见嬷嬷走了,阿绫便又大着胆子同眼前的少女撒娇:“朝儿,我们可要先退下?可我不想离开朝儿……我还有许多话想同朝儿讲呢。”
“无妨,傻阿绫,玉慈夫人来找我大抵只是闲谈。只是,玉慈夫人之身份可不一般,你在她面前切不可失了礼数。”
许念朝同阿绫微微一笑,耐心道。
不消几刻,张玉慈便从高高的门槛跨入。
花草丛木之间,她一眼便见到了记忆中清丽圣洁的小郡主,此时正慵懒的倚靠在长廊边的长椅上。
一时之间,风声鸟声,声声似皆停,少女少了几许疏离之感,似乎变得触手可及,她的赞誉声回响在耳畔,久不消弥。
“玉慈夫人可还安好?您今日的穿着可真是叫人眼前一亮。”
张玉慈望着少女娇俏的容颜,晃了晃神,心下觉得诧异。
明明是和旁人大同小异的夸赞,却为何从少女的口中听起来是那样的叫人心口跳动?
只是,她毕竟是一品诰命夫人,怎么说都是有些旁人所没有的自制力的。
她很快便压下了心动的感觉,走近了少女,轻轻伏了伏身,算作见礼。
“臣妇这两日极为担忧郡主,不知郡主可还安好?”
“这些胆大包天刺客是愈发猖狂了……据说那些刺客是隋朝的余孽,听闻郡主的王兄治理洪涝本就辛苦,若是再得知殿下身上发生的事情,岂不是要担心死。”
许念朝点了点头示意自己尚且安好,随后问道:“夫人知晓我王兄的近况如何吗?”
张玉慈温和的笑了笑,答道:“据悉,虽有些辛苦,但洪涝的治理,还算成功,龙颜大悦,说是要嘉奖临海嗣王。临海王如今已在休整阶段了,再过半月大概便会回程,殿下莫要忧心。”
“早间听皇叔说了此事,太过惊喜之下,本还不敢相信,但如今听到夫人之言,才算正真将心放在了肚子里。”
许念朝温柔的垂着眉眼,有意同张玉慈拉近距离道。
“如此说来,郡主是否要好好感谢我一番?”
张玉慈倏然间眨了眨眼,这样娇俏的动作,由她这样尊贵的夫人做起来也并不突兀,反倒为她平添了几分属于少女的娇憨。
许念朝怔了怔,有些意外的璀然一笑,道:“这是自然,若是有朝儿能帮上忙的事情,定然不会推脱,还请夫人尽管说来听听。

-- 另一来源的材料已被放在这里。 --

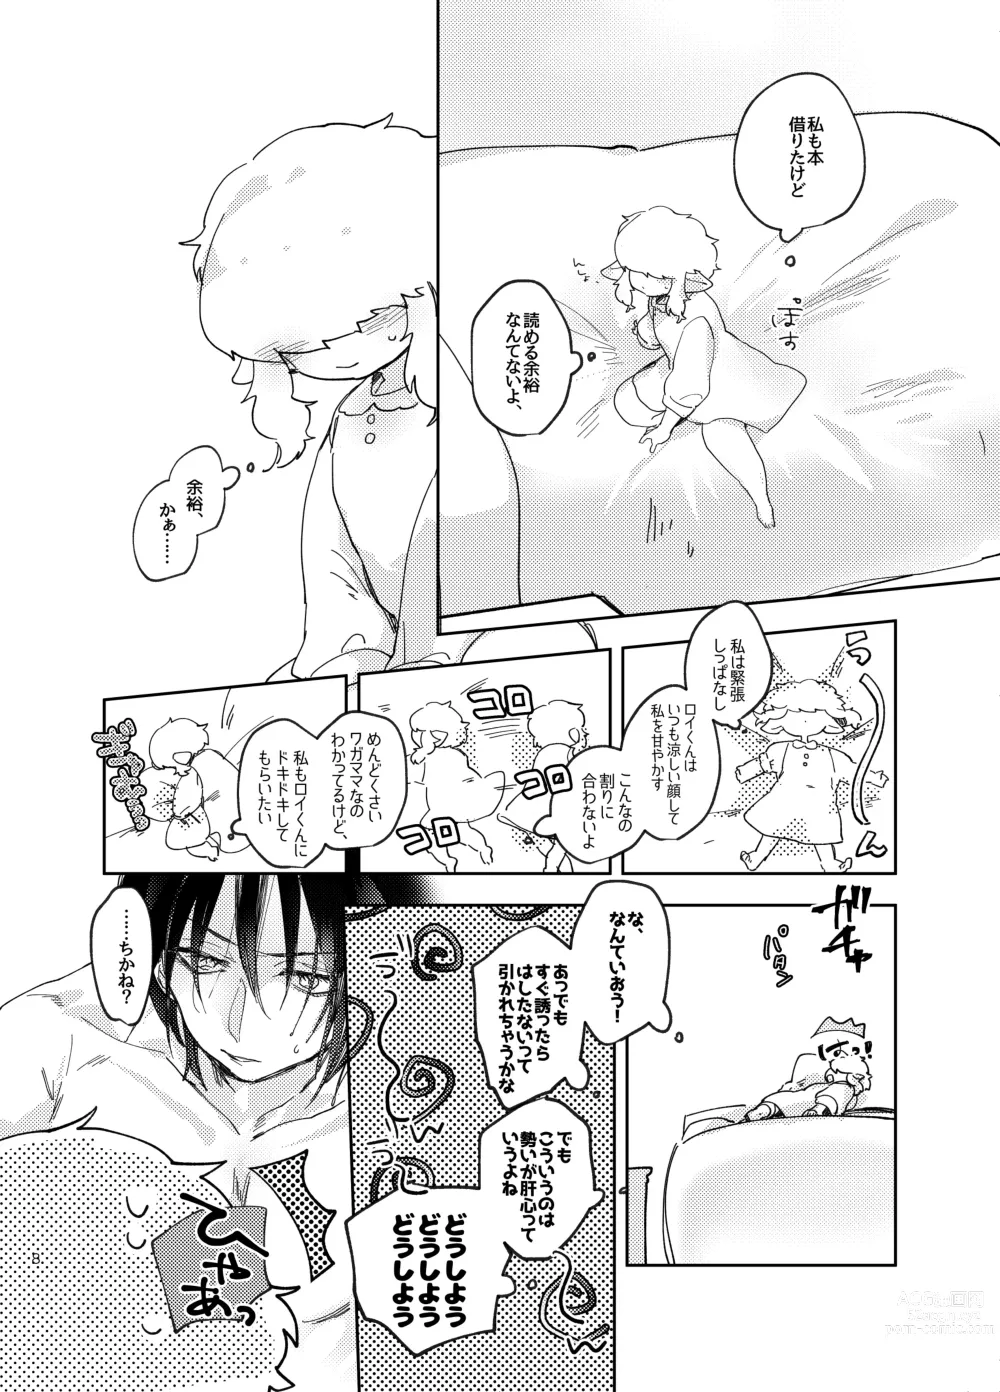 Page 8 of doujinshi Suki ni Natte ne

”
“但是这番体己话,只能说给郡主听。”
张玉慈既然发话了,许念朝也只能摒退了身边侍女。
眼见着张丽华与阿绫恋恋不舍的离去,许念朝也只能无奈的朝她们挥了挥手。
“郡主待身边之人很亲和呀。”
张玉慈将此番情形收入眼中,心中对眼前的少女又多了许多好感。
天生富有亲和力的娇软美貌可人小郡主,想必也定然会很讨她那冷漠寡言弟弟的欢喜吧?
“真心换真心嘛。不瞒夫人说,见到夫人第一面,便觉得夫人极为合眼缘,想同夫人亲近,但无奈于与您还不甚相熟。”

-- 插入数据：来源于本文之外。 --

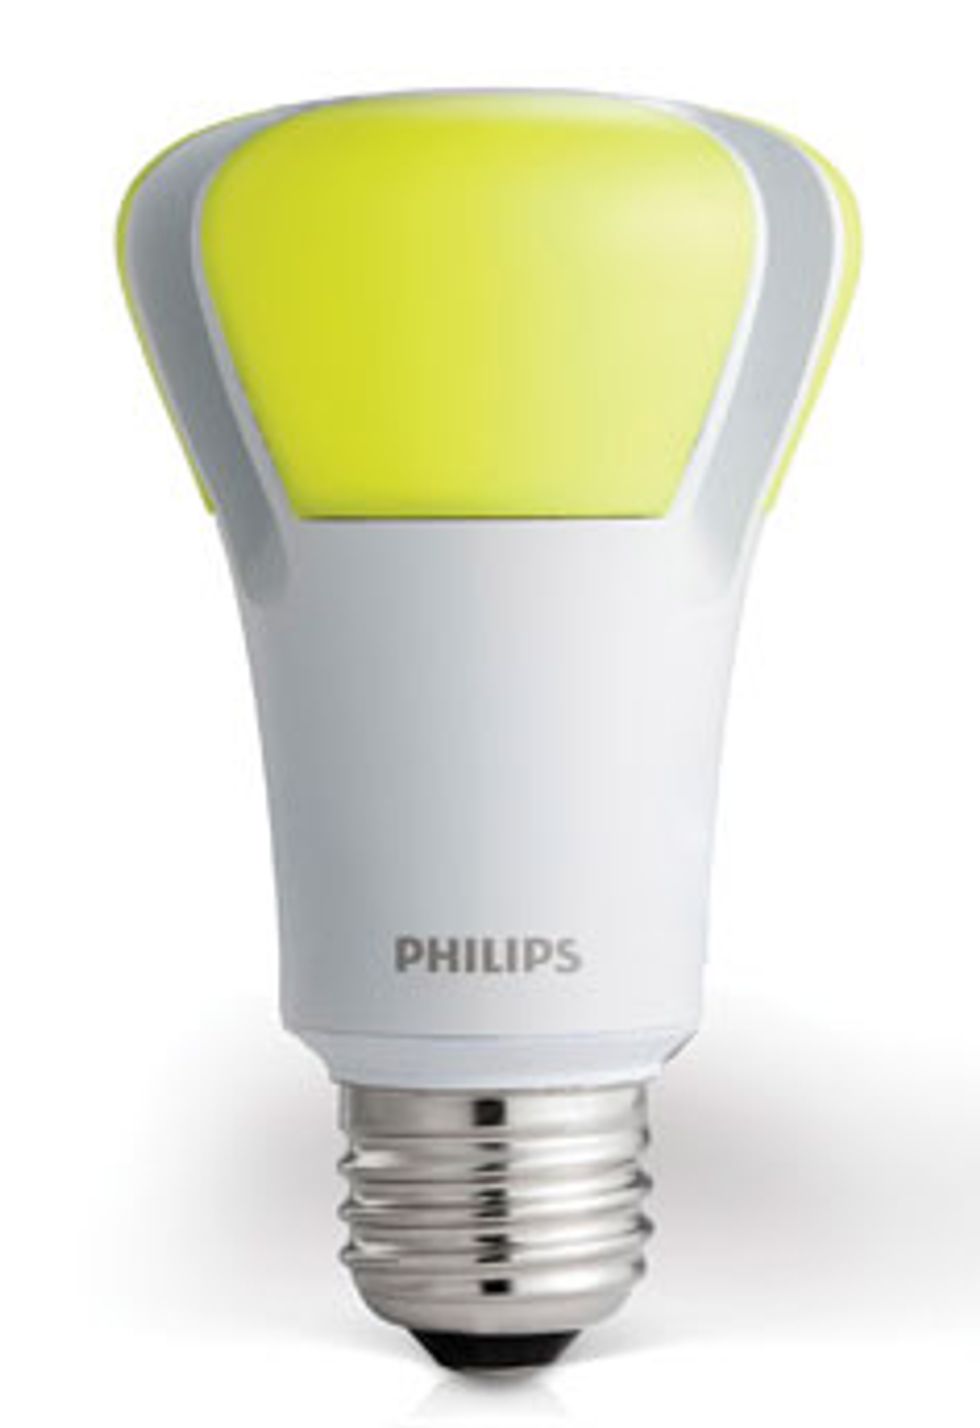 The Philips L Prize\u2013winning LED bulb

许念朝抿了一口云雾茶,淡淡呵出一口飘渺的茶香,随着话音的落下后,展颜而笑。
张玉慈闻言罕见的有些羞涩,随即再开口时多了几分扭捏:“是这样的郡主,不知郡主是否有心仪之人?”
少女闻言愣了愣,脑海之中闪过一个冷漠的身影,她努力摇了摇头,摒弃了心中的杂念,开口道:“还未曾有。”
贵妇人捏着手中的茶盅,有些不敢与少女对视,只听闻她低声道:“郡主可知,我有一亲弟弟,是当今圣上亲封的御史大夫,名曰张裕仁。”

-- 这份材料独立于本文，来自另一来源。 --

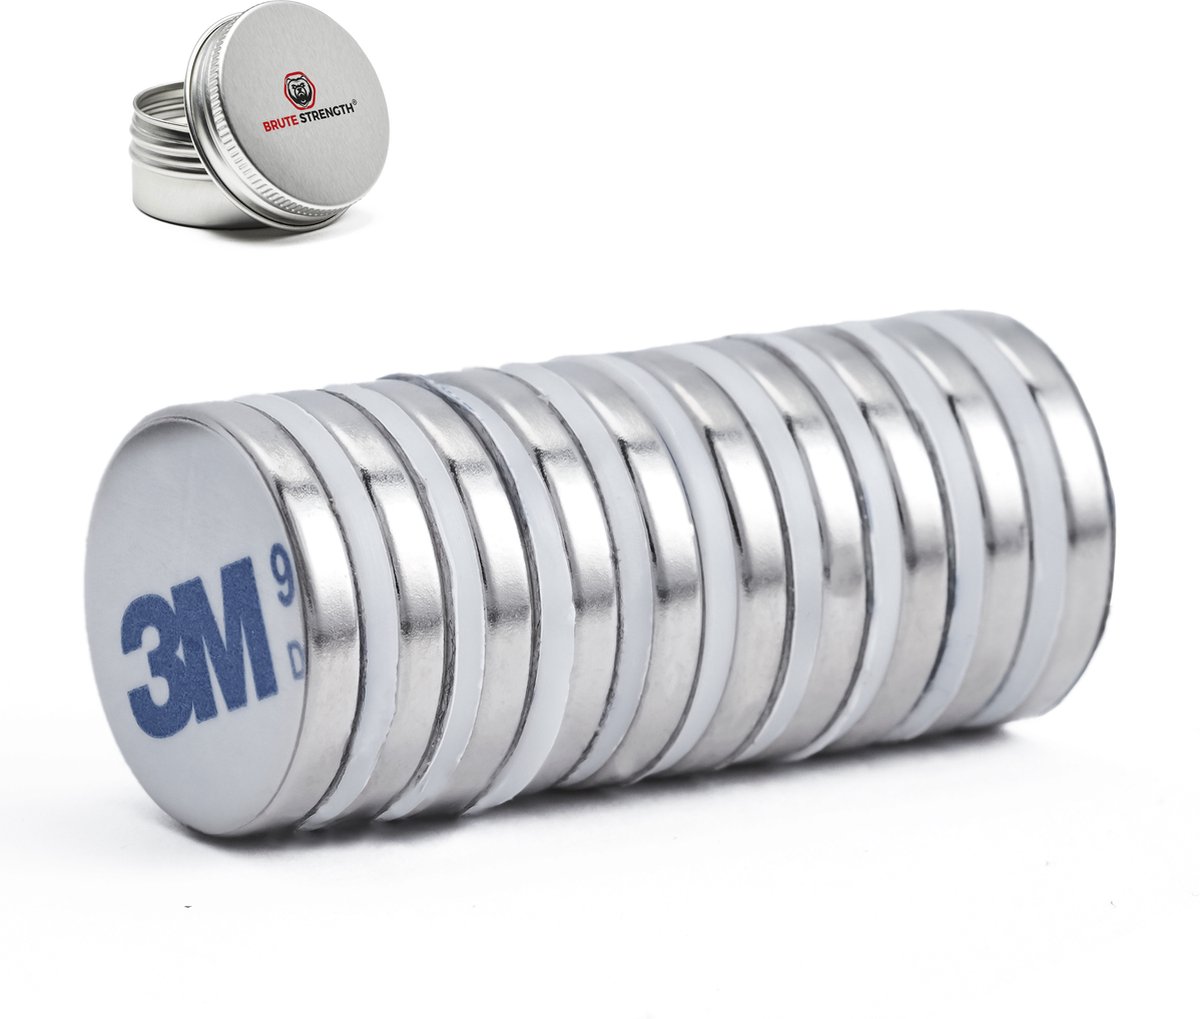 Brute Strength - Super sterke zelfklevende 3M magneten - Rond - 20 x 3 mm - 10 Stuks - Kleef Magneten - Neodymium magneet sterk - Voor koelkast - whiteboard

“他比郡主大一些,性子虽然冷漠了一些,但也胜在性子冷漠。”
“他从不与女子交谈接近,如今到了适婚年龄,却还未有心仪之人……郡主既然并无心仪之人,不妨与我那弟弟相处试试,他虽无趣,但若认定一人,定会将整颗真心交付与郡主一人的。”
许念朝闻言有些呆滞,她从未想到,帮的竟是这种忙。
在被催婚这方面,她可如同一张白纸,没有分毫经验,毕竟二十一世纪的她也只是个小姑娘呀。
听不见小郡主的应答,张玉慈有几分心急,便放下了手中的茶盅,抬眼望向少女。
却见到原本攀附在小郡主肩头的白鸠,此刻正在半空之中愤怒的低飞盘旋着,似乎下一刻便要向她袭来。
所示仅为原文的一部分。